** Records provided follows **

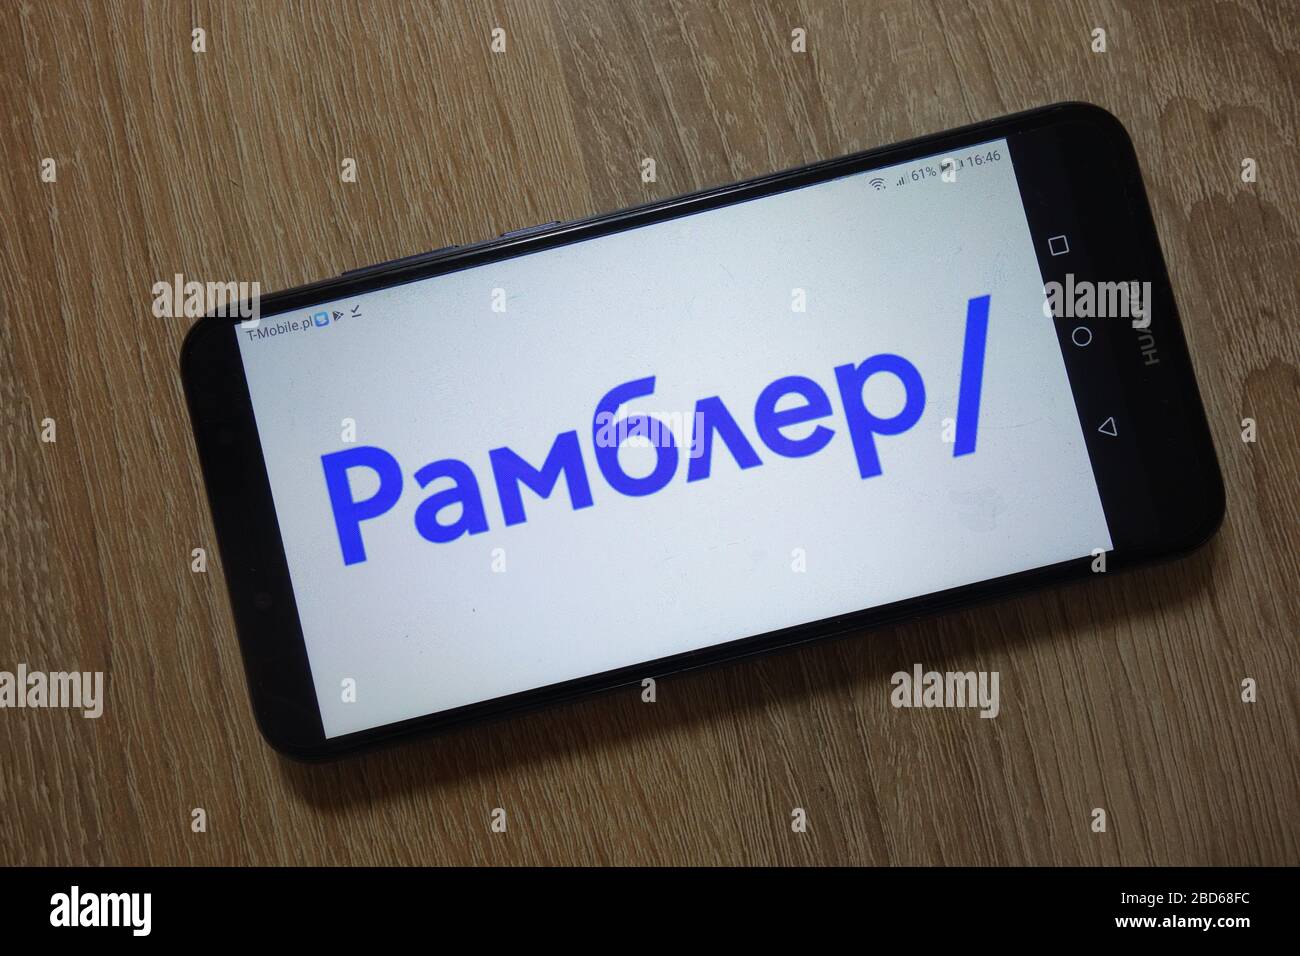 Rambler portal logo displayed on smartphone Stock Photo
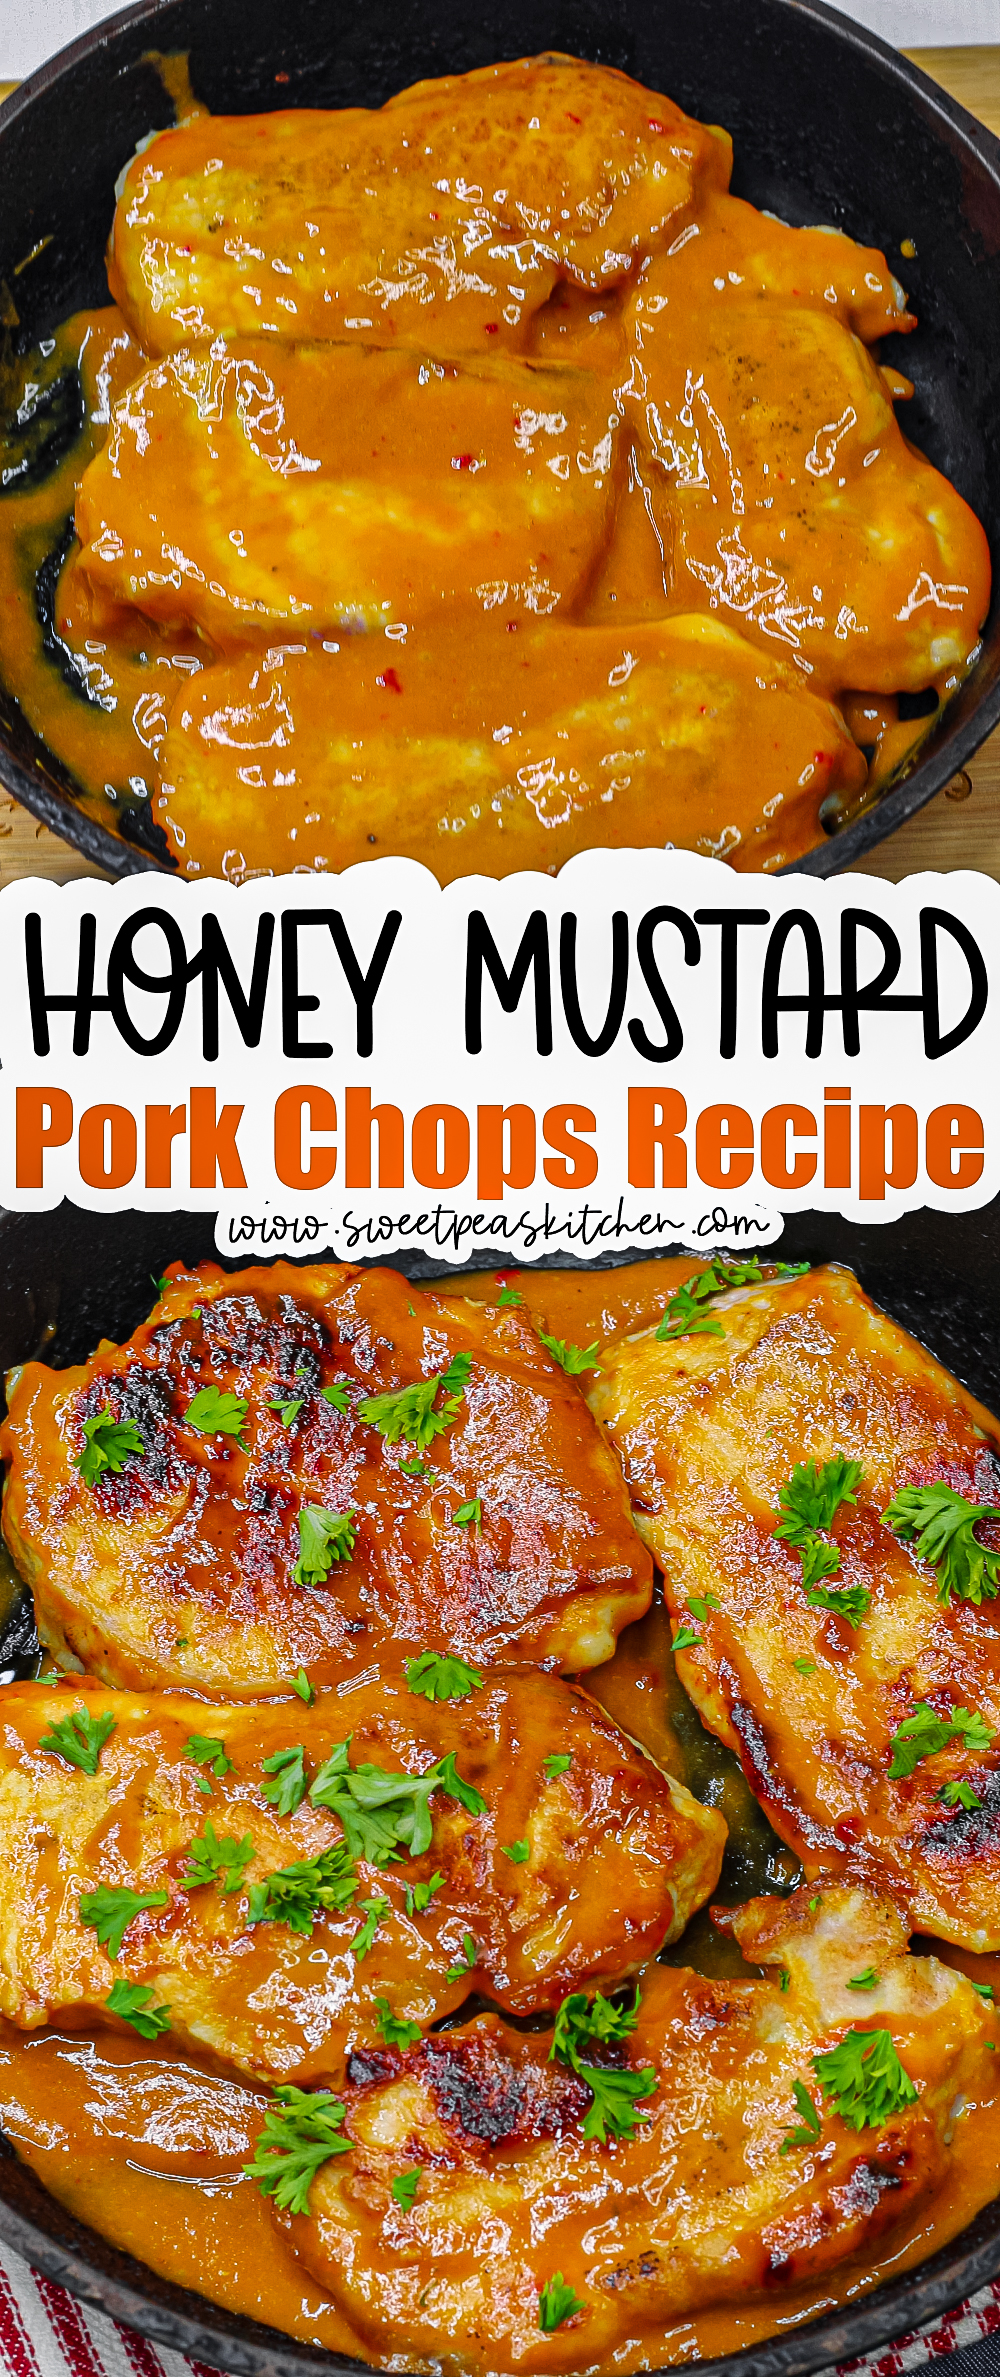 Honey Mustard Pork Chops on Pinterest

** End of Records provided **
** Records provided follows **

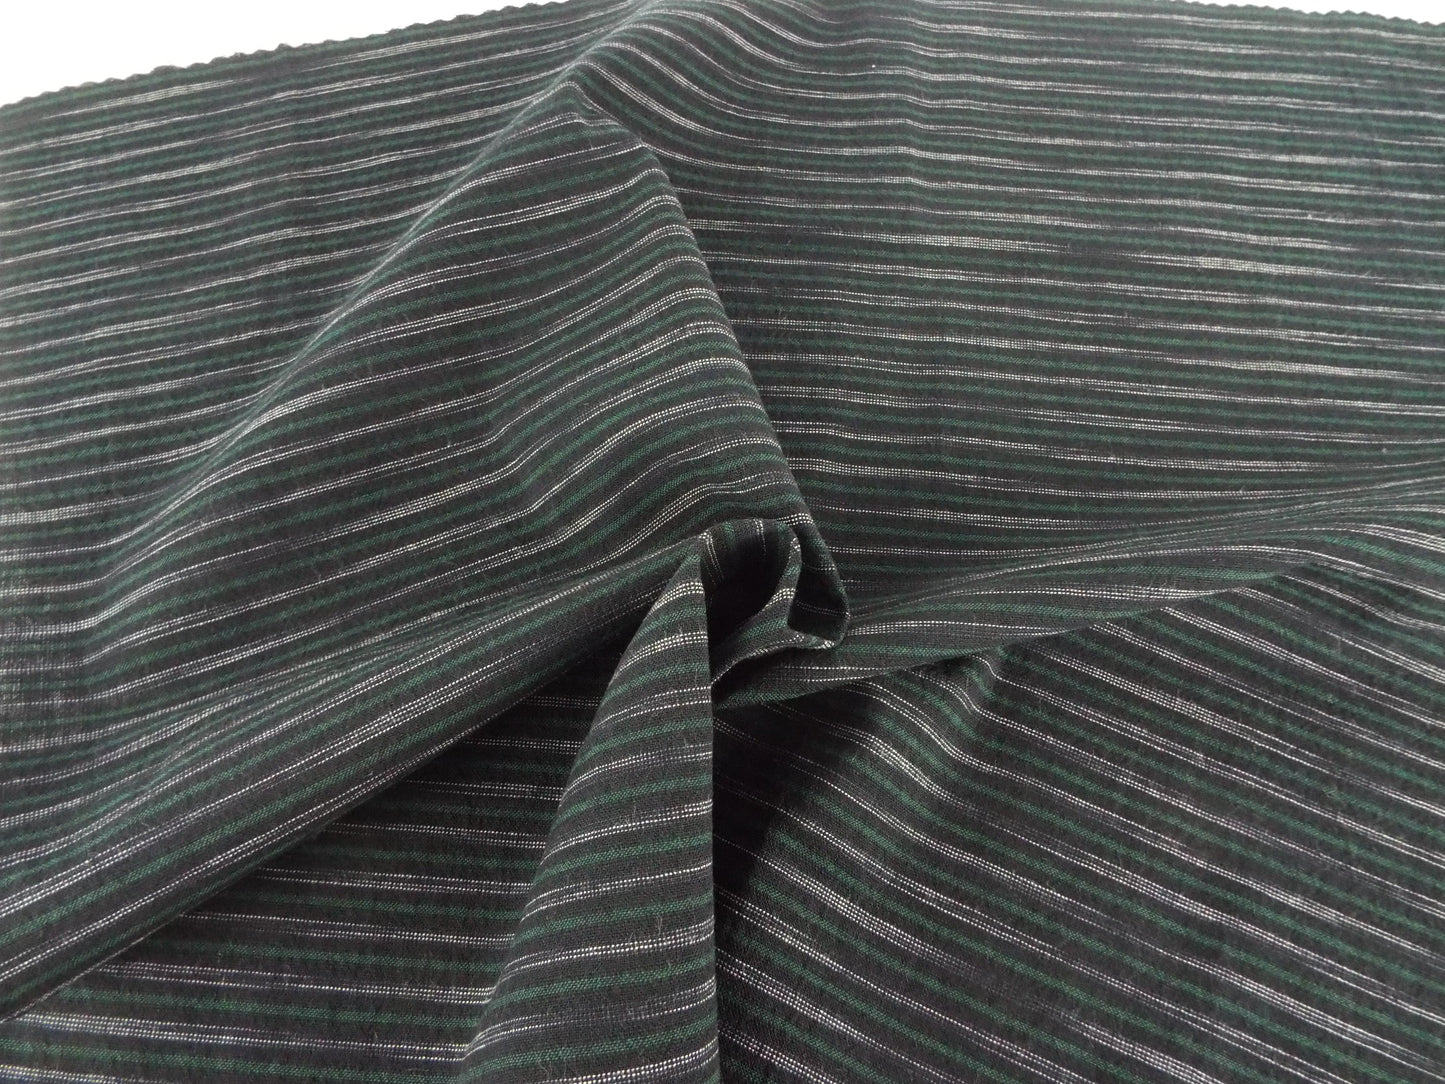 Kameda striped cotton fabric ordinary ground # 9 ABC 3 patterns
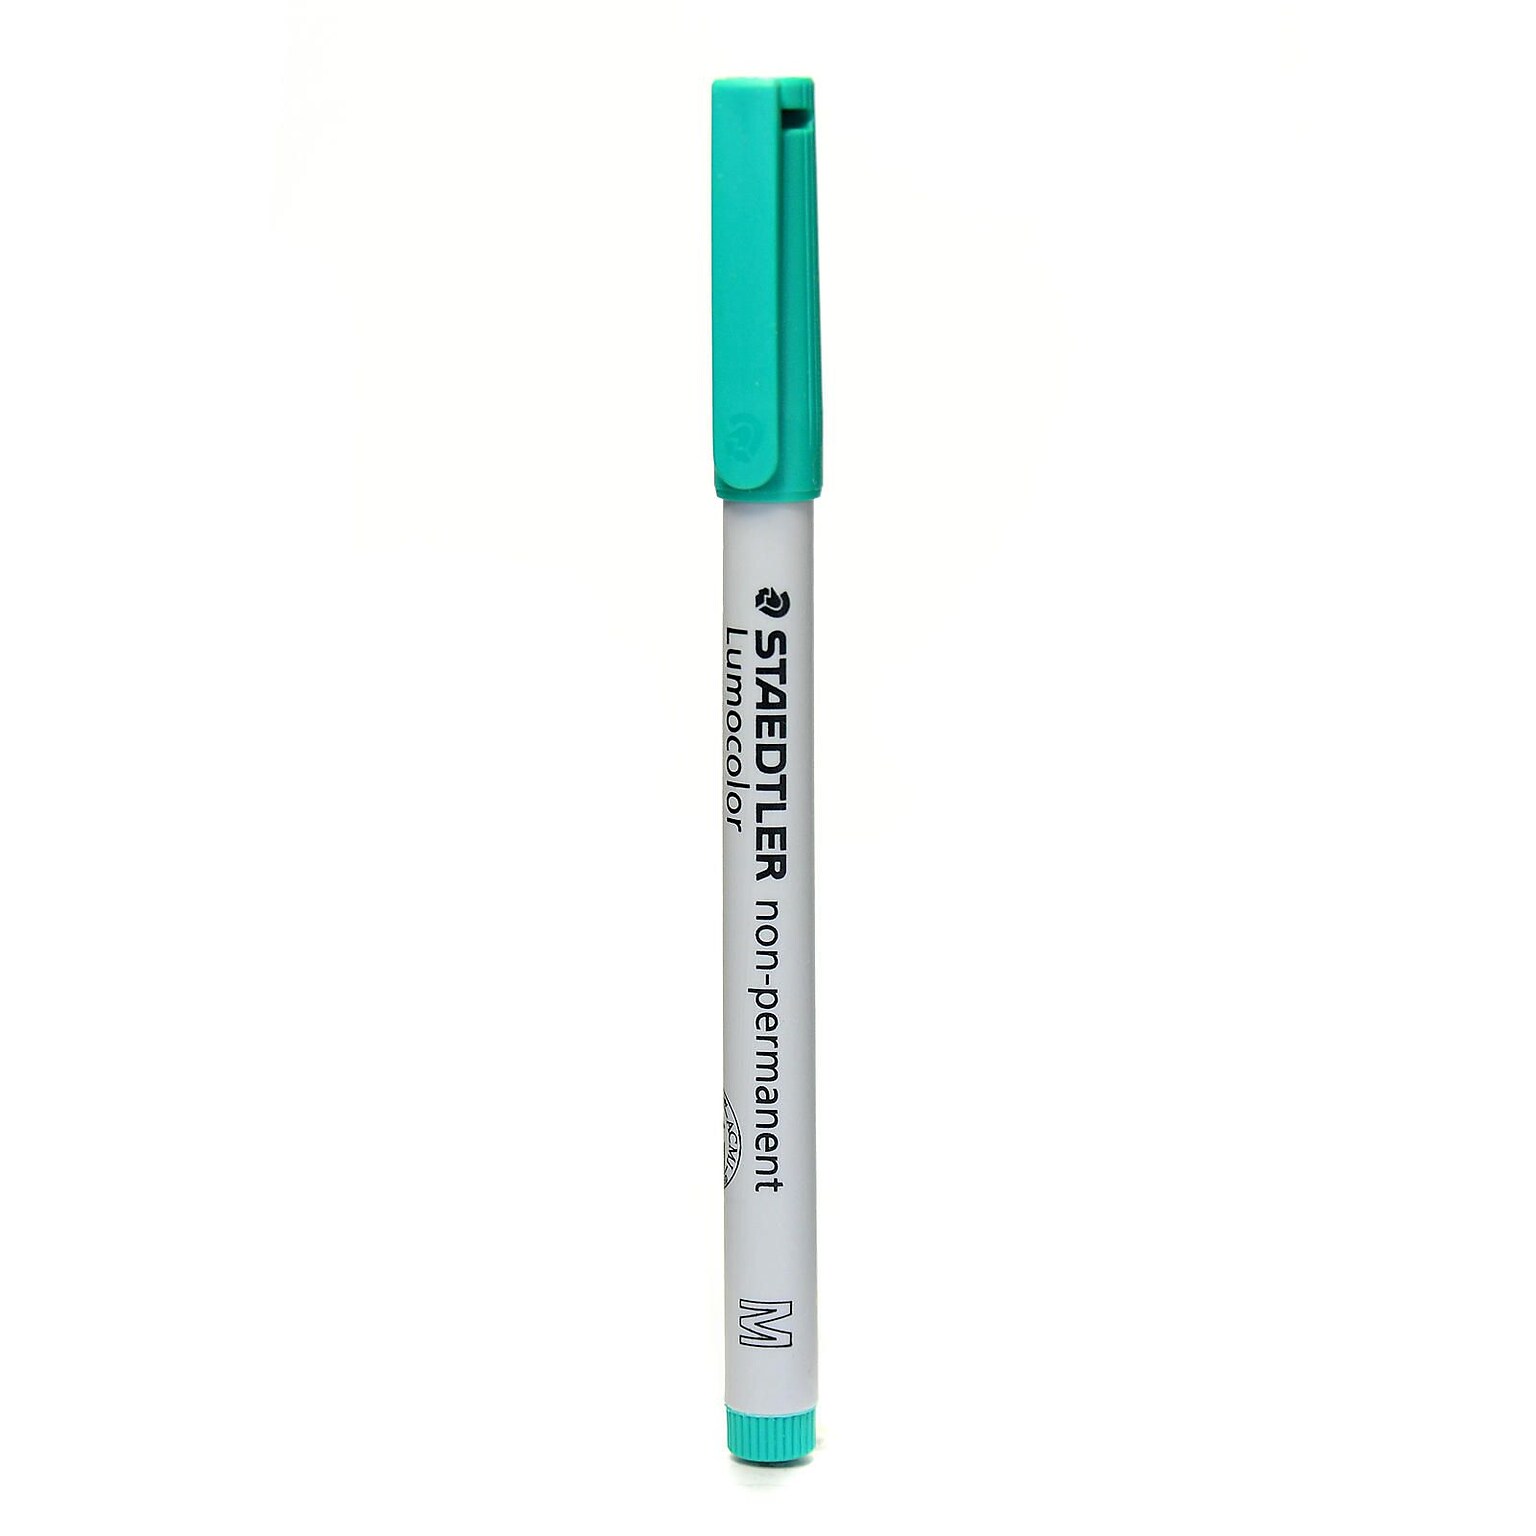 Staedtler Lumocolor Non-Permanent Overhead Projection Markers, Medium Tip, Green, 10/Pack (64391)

** End of Records provided **
** Records provided follows **

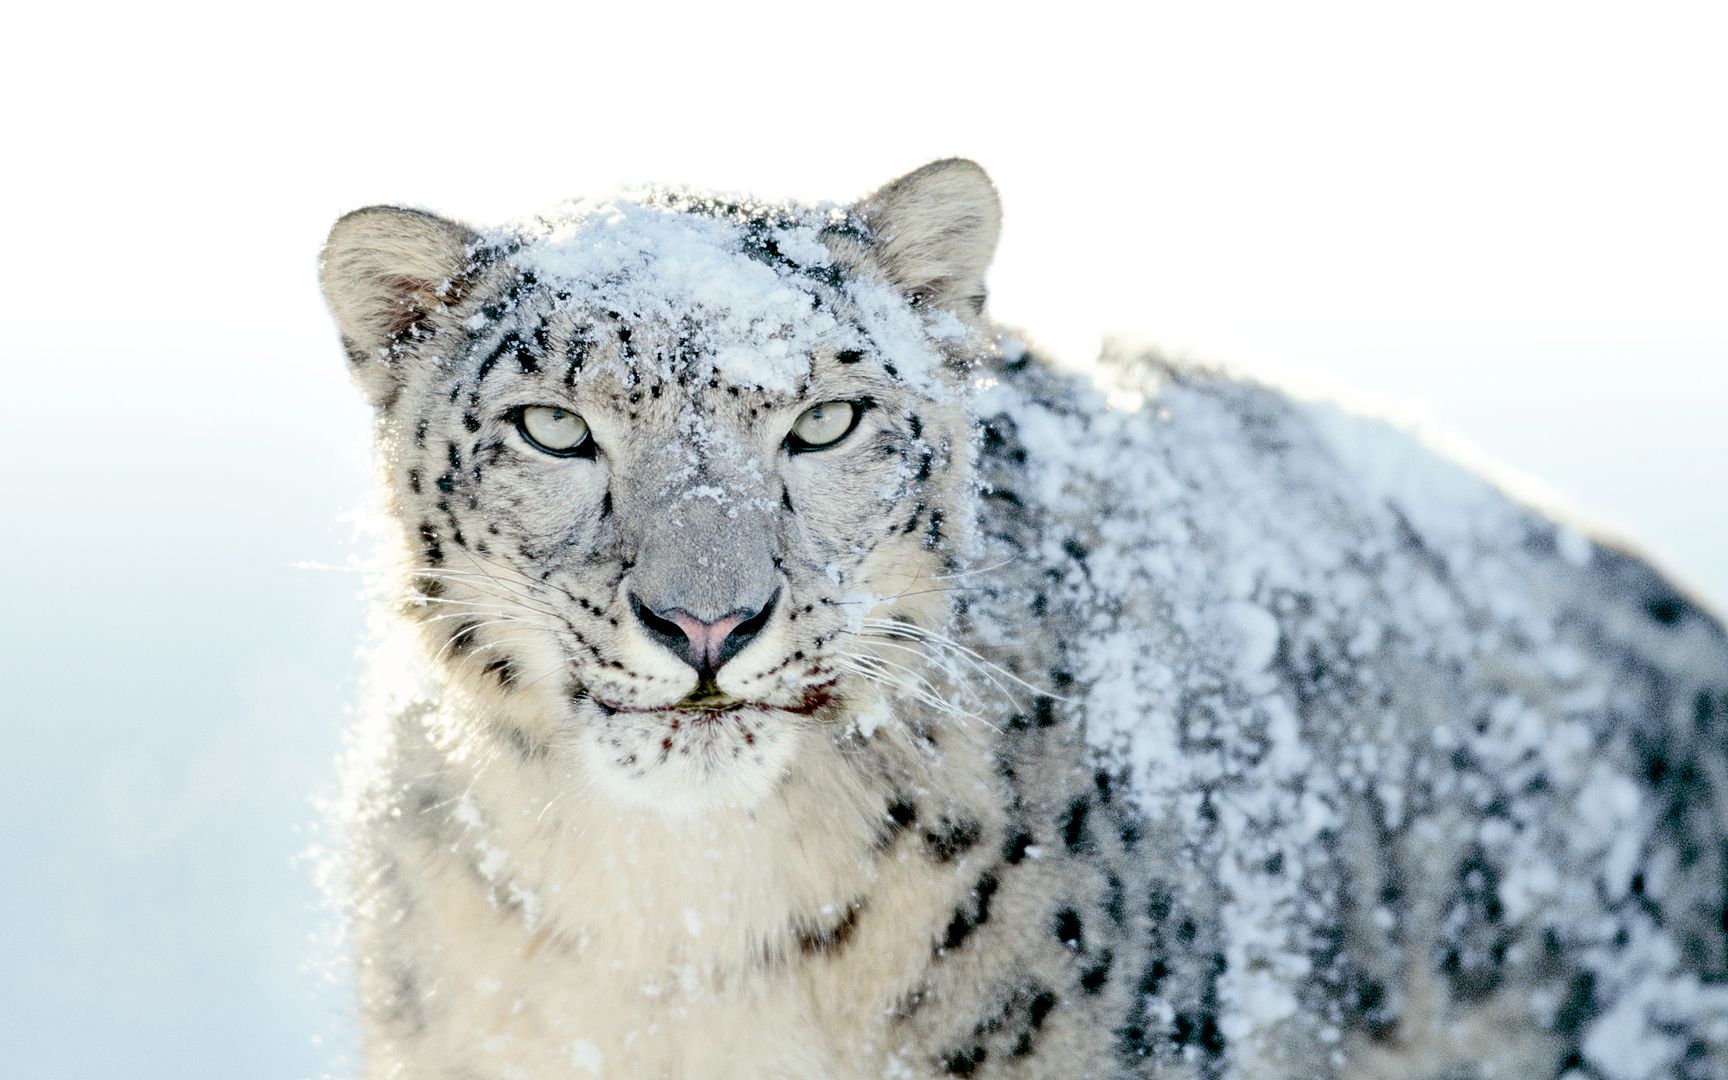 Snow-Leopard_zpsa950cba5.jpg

** End of Records provided **

* Instructions for the task
From the material above, reproduce only what runs from the line holding "Rambler portal logo" down to the line holding "Honey Mustard Pork Chops on Pinterest", both included, pictures excluded.

* Problem solution
 Rambler portal logo displayed on smartphone Stock Photo
 Honey Mustard Pork Chops on Pinterest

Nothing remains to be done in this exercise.